Reproduce the listing below from the line with "He Is So Special" to the line with "Plafond placo ou", both lines included, character for character, minus any pictures.

> [DATA PROVIDED]
>>>
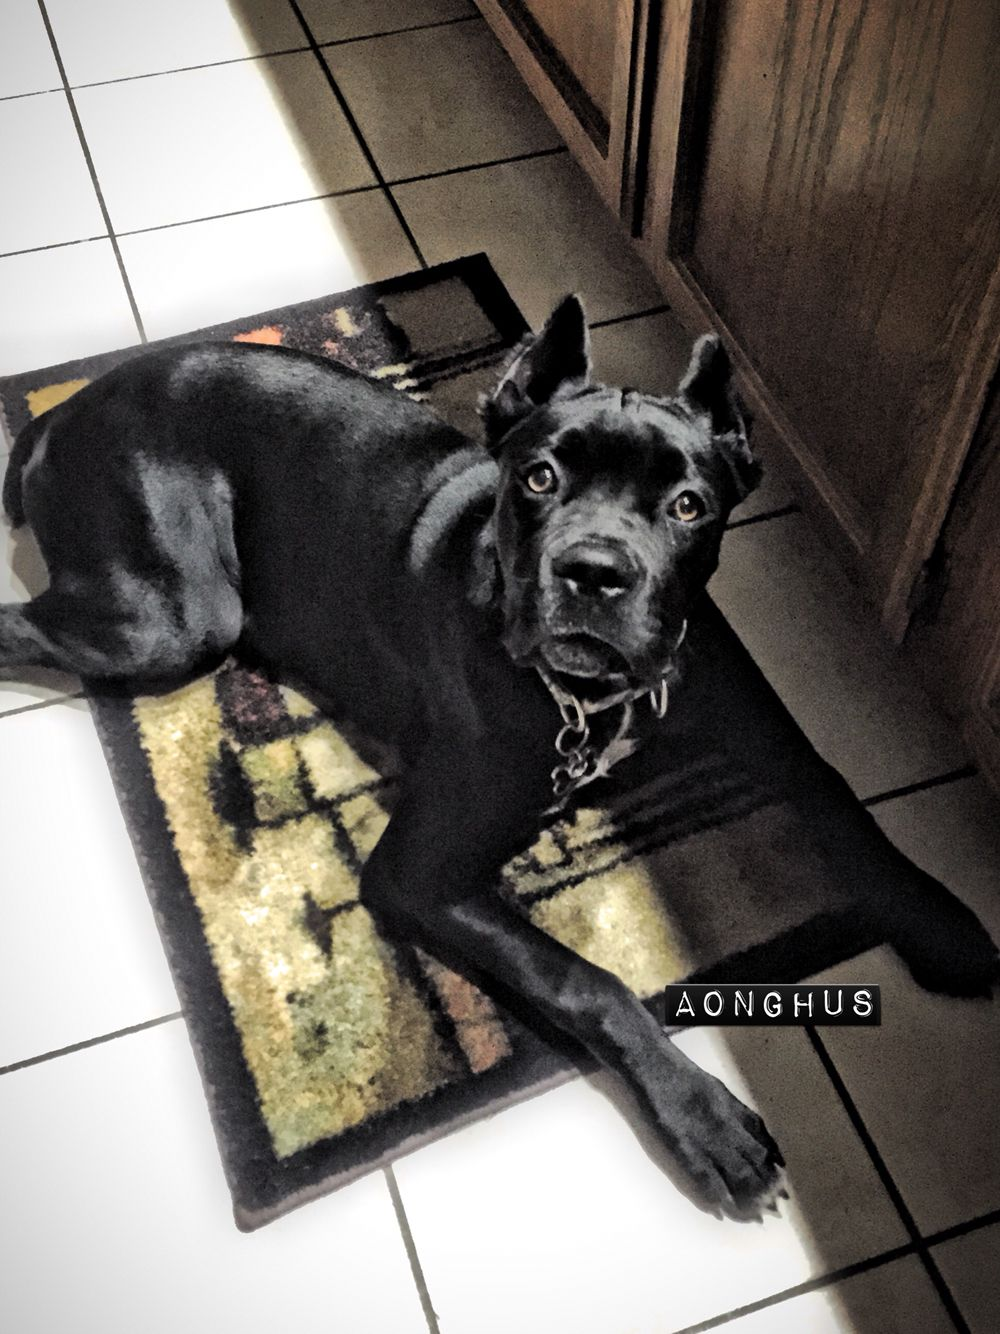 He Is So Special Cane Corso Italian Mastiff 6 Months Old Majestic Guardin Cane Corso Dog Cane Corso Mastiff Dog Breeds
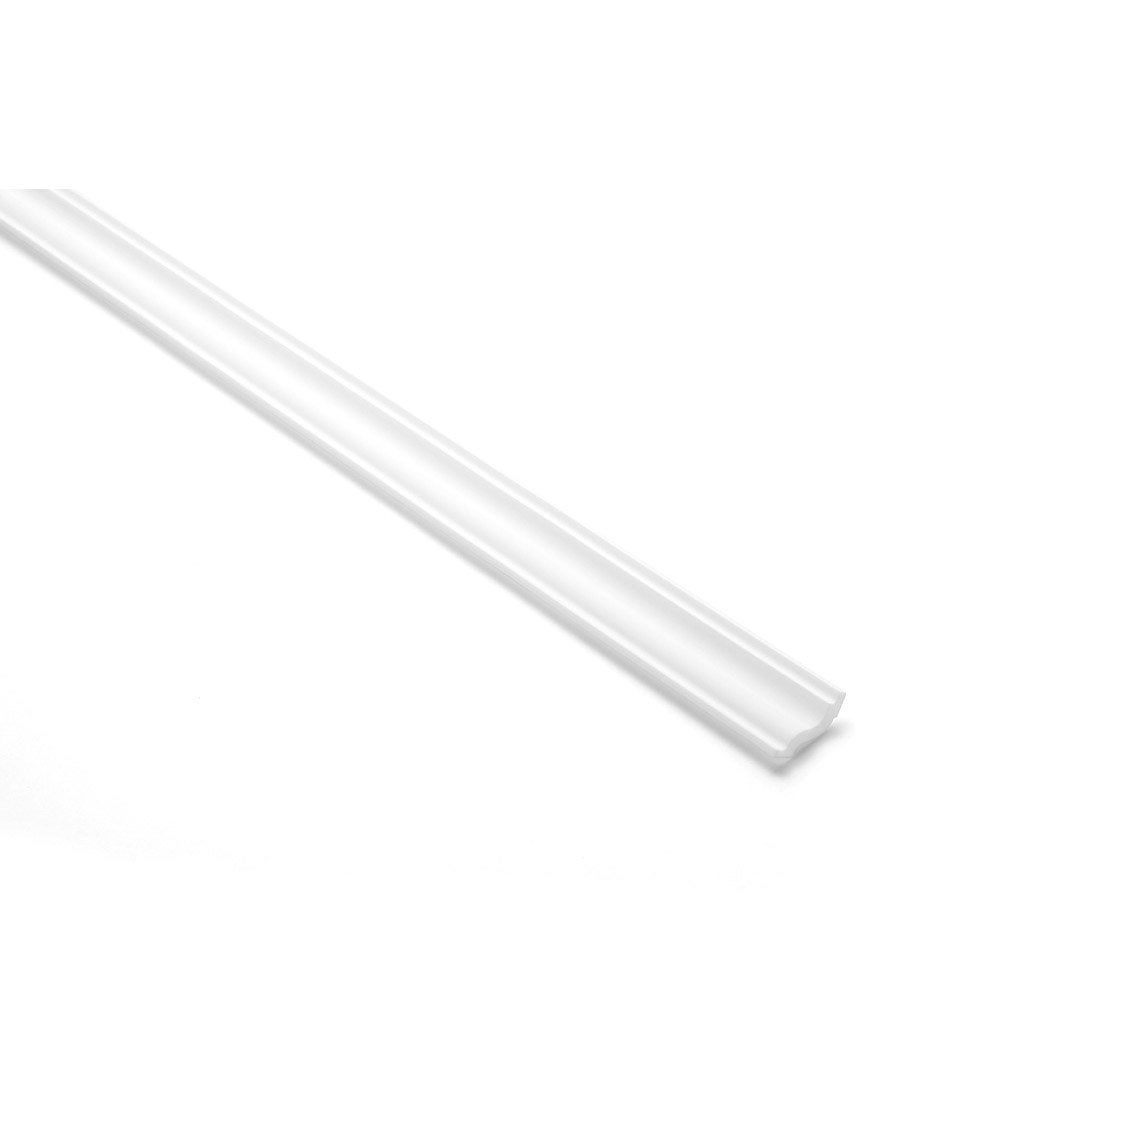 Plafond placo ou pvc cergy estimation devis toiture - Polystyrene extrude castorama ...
<<<
>>>
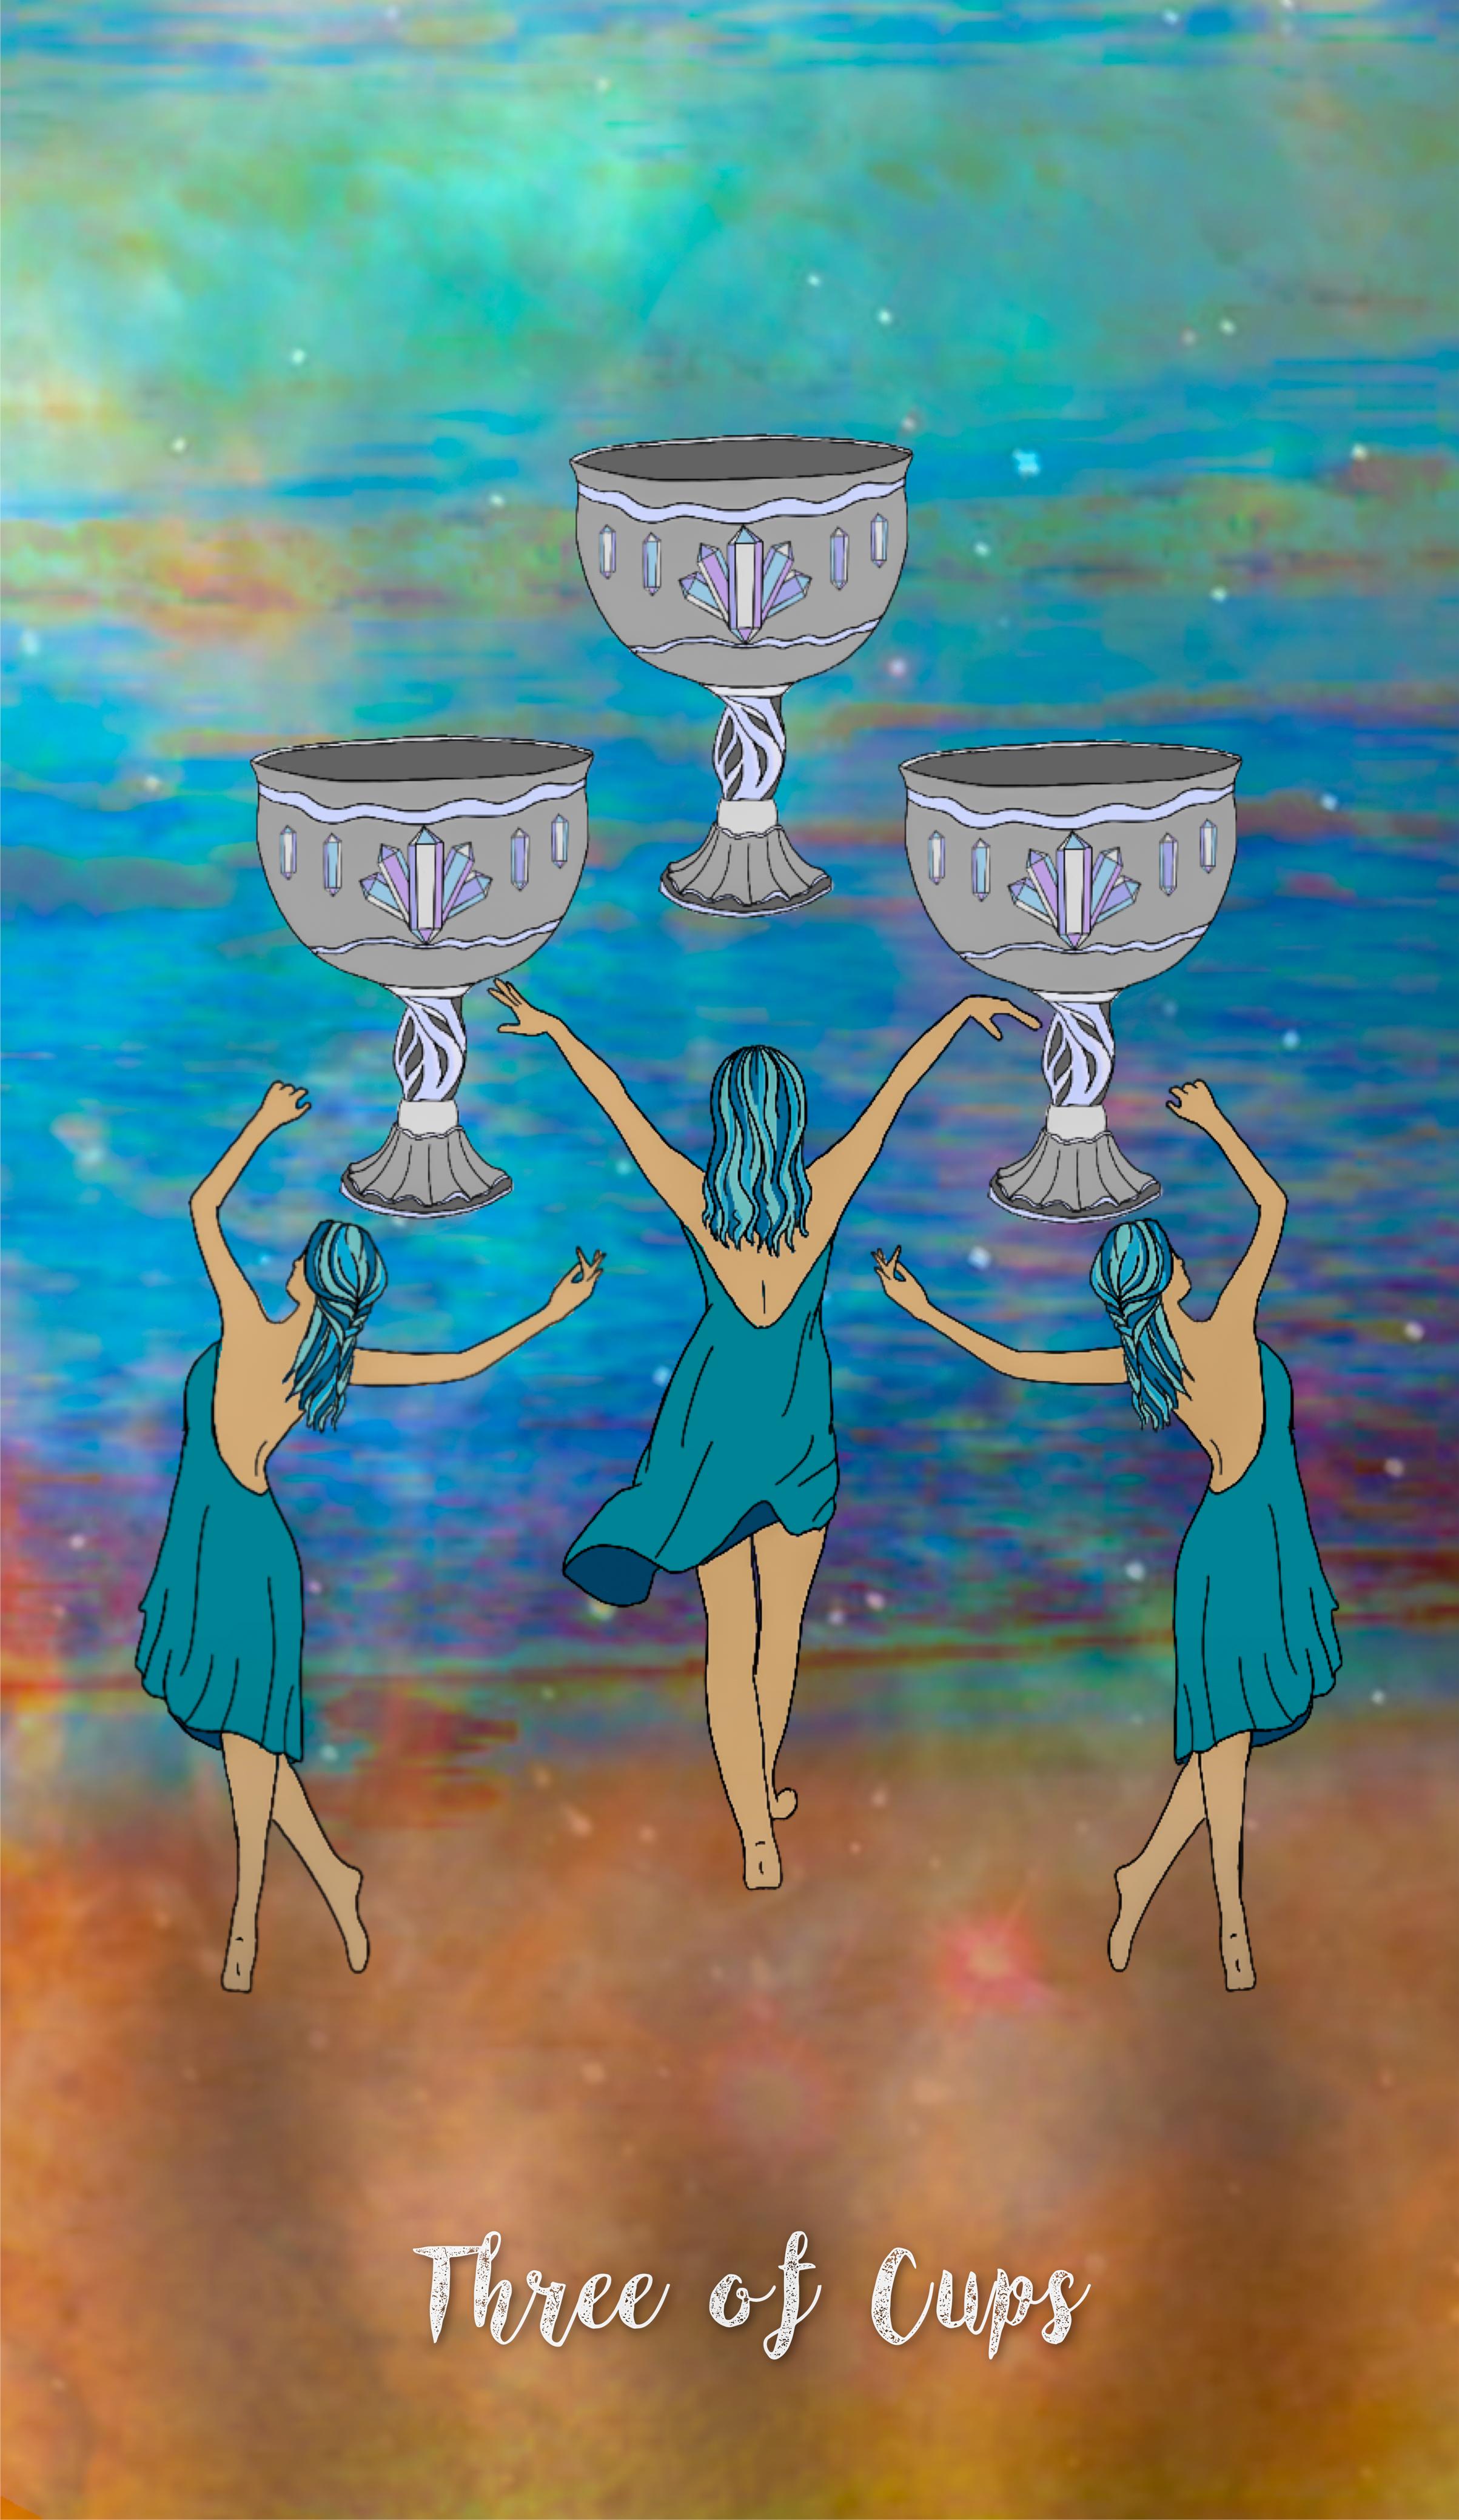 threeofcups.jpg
<<<
>>>
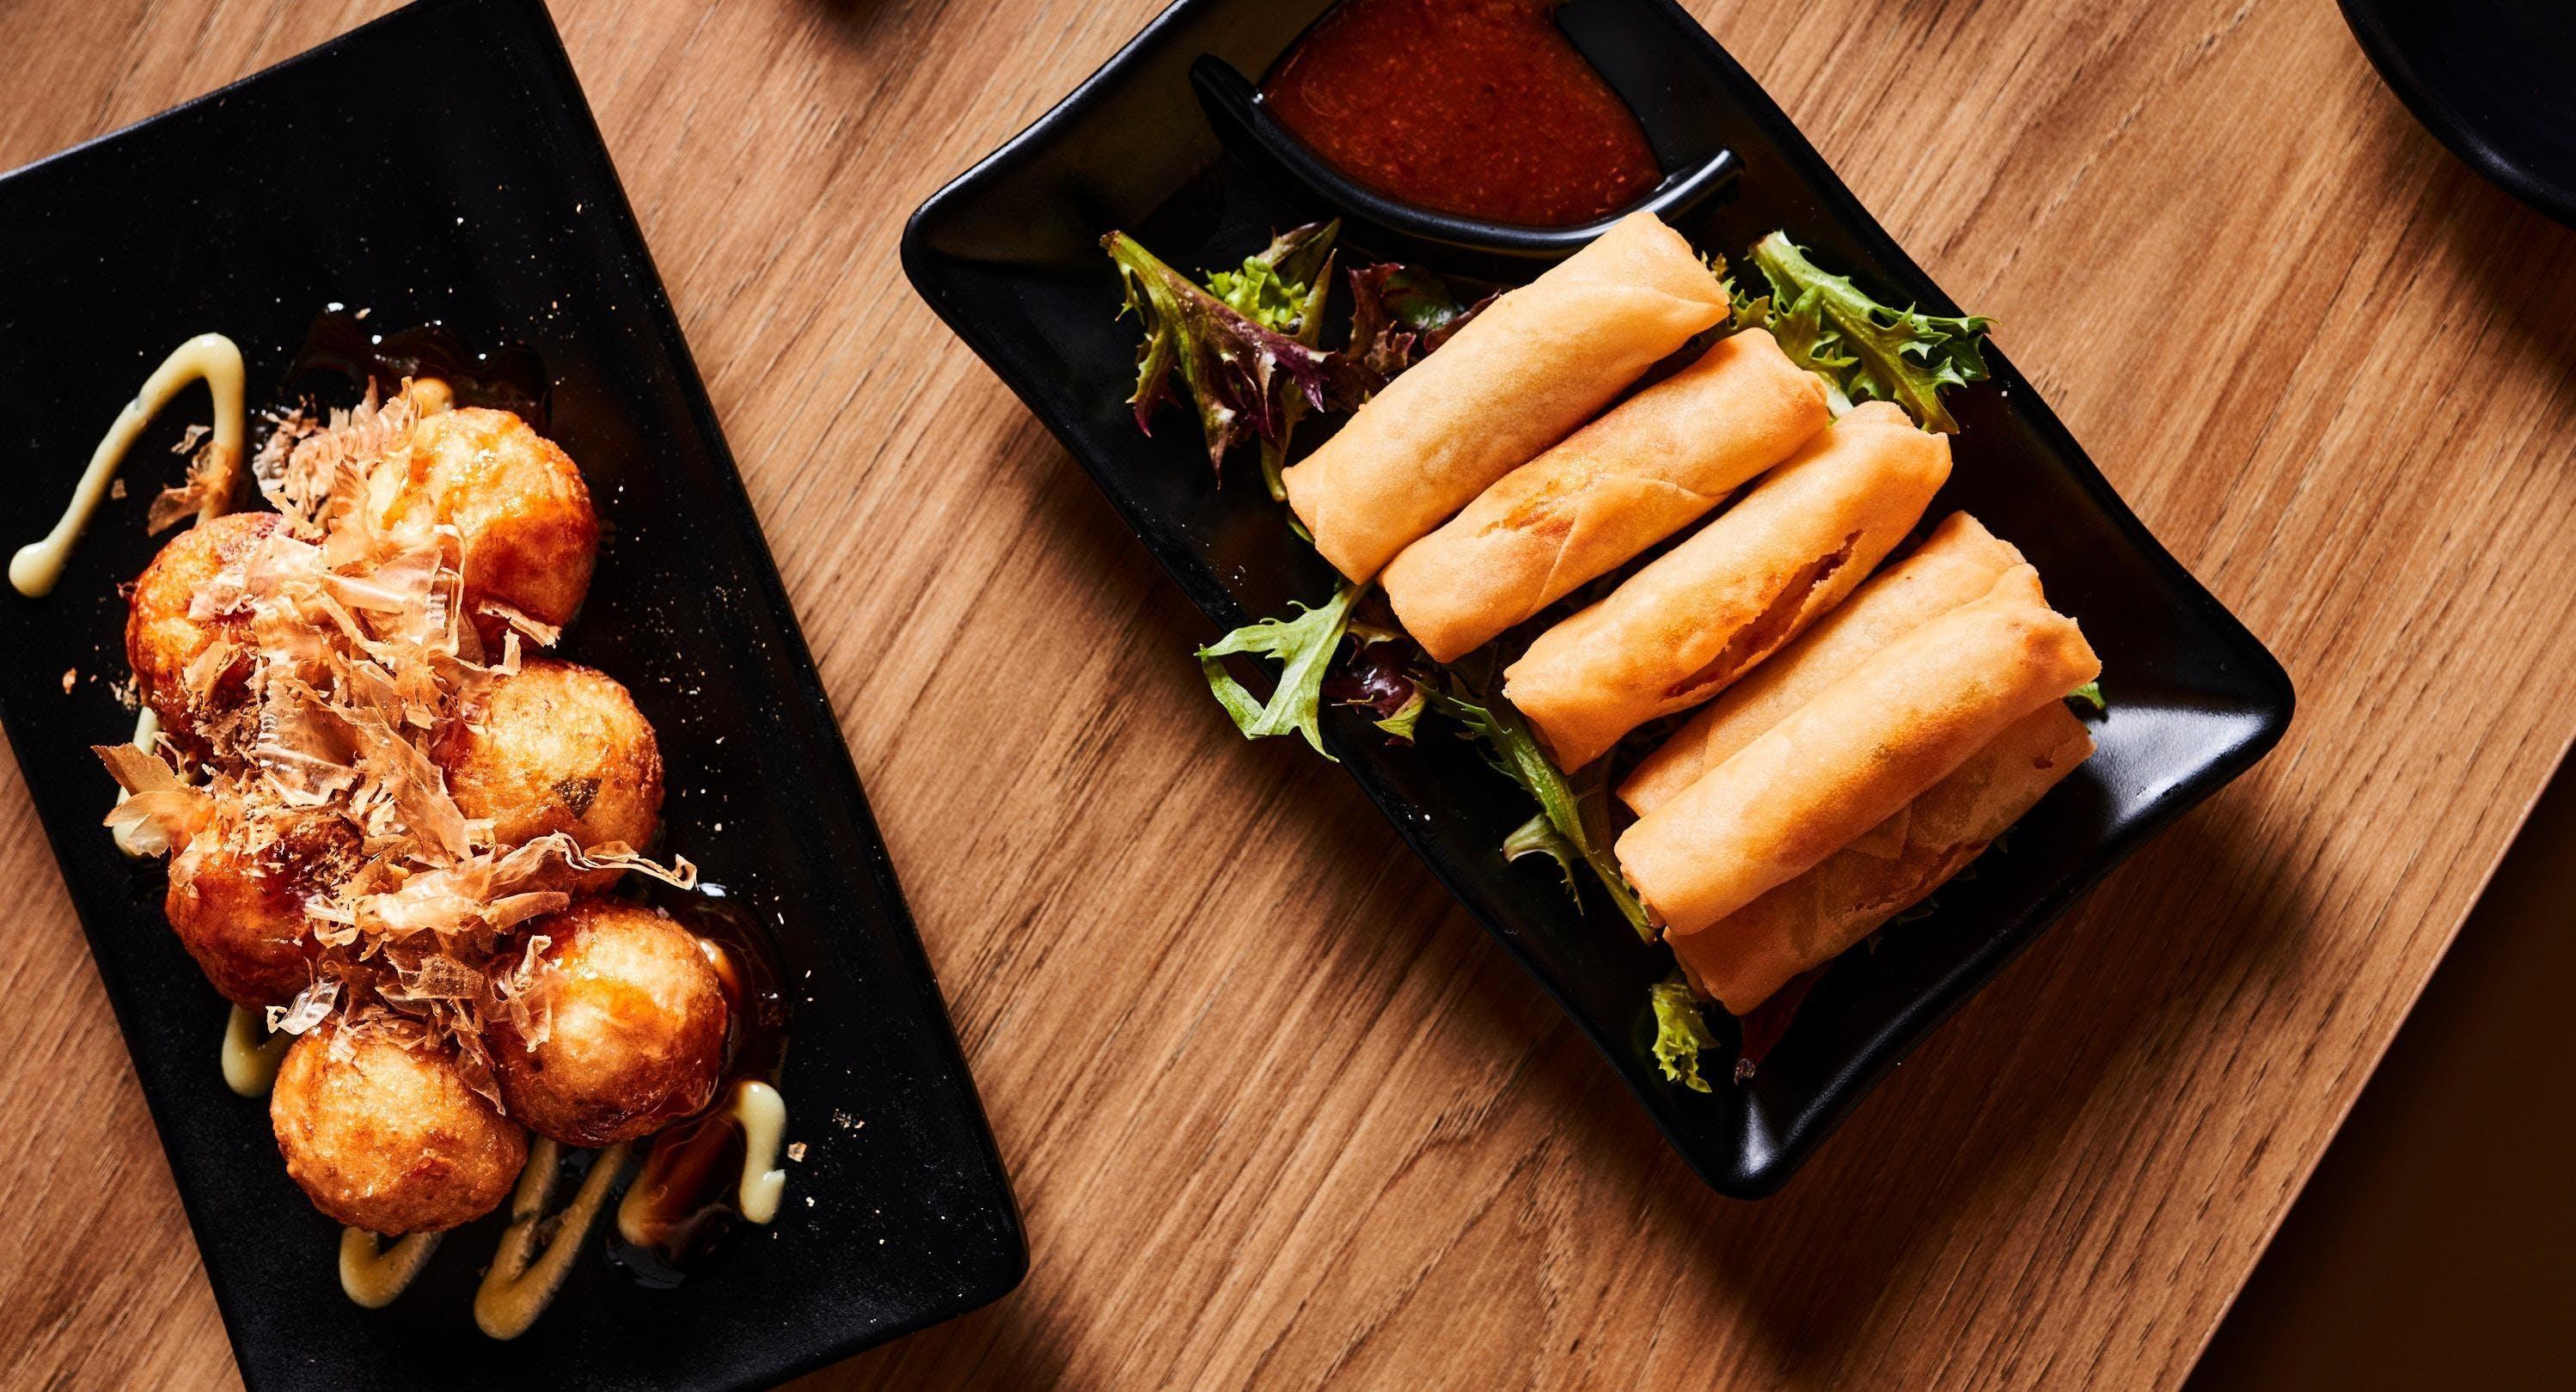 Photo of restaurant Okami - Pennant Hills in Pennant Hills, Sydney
<<<
> [SOLVED EXERCISE]
 He Is So Special Cane Corso Italian Mastiff 6 Months Old Majestic Guardin Cane Corso Dog Cane Corso Mastiff Dog Breeds
 Plafond placo ou pvc cergy estimation devis toiture - Polystyrene extrude castorama ...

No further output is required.